Why do the elderly have poor diet?
1. Food is no longer as enjoyable because of declining taste and smell. Medication further impairs these senses.
2. Dentures or poor dental health make chewing difficult.
3. Arthritis, walking problems and lack of transportation make cooking and shopping difficult.
4. Loneliness and depression in the elderly cause a loss of appetite.
5. Much of the elderly population is on a fixed income and healthy food is often more expensive.
6. An elderly body no longer processes nutrients as well as it once
did. Their dietary needs change and the elderly often do not realise it.

Predictably the classical response is to reject the use of
nutritional supplements, in favour of changing the elderly diet to
predominantly consist of foods of high nutritional content.
As an ideal one can’t fault this approach, any more than the advice
that everyone should eat 5 to 10 (or is it 10 to 20) serves of raw
fruit and vegetables a day - even though it is obvious to blind Freddy
that virtually no one follows this advice for various reasons, I won’t
go into here.
But if one turns to the elderly one can see various problems with this approach.

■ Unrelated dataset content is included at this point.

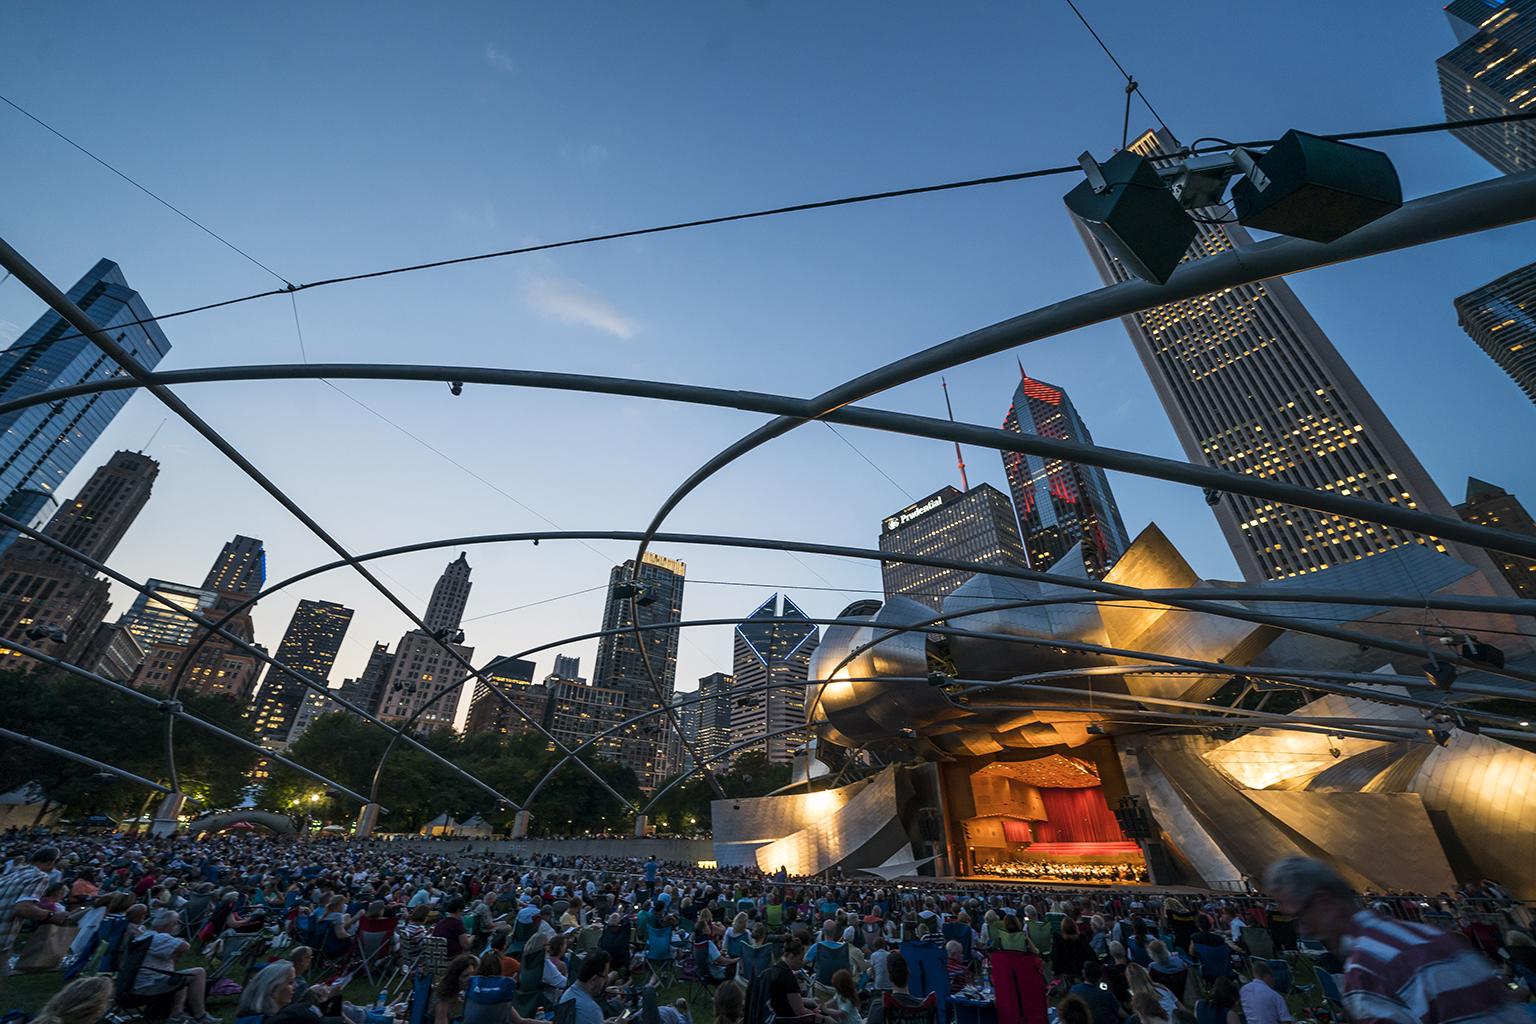 The Chicago Symphony Orchestra and Civic Orchestra of Chicago, led by Zell Music Director Riccardo Muti, performed a free “Concert for Chicago” at the Jay Pritzker Pavilion in Millennium Park on Sept. 20, 2018. (Photo Credit: Todd Rosenberg)

A. The changes required imply changing a lifetimes eating and
cooking habits at a time when the person is at the least flexible part
of their life.
B. The suggested food with elevated nutritional value is
commensurately more expensive and its unlikely the elderly would in the
main see the merit of such expenditure.
C. Sourcing such foods may be outside the reach of their range of
mobility, although improved choices at their local store, would be an
assistance.
D. Many of the elderly have little or no say in their diet, being
dependant on external sources for prepared foods (no doubt often produced
under strict budgetary guidelines) hostel kitchens, Meals-on Wheels etc.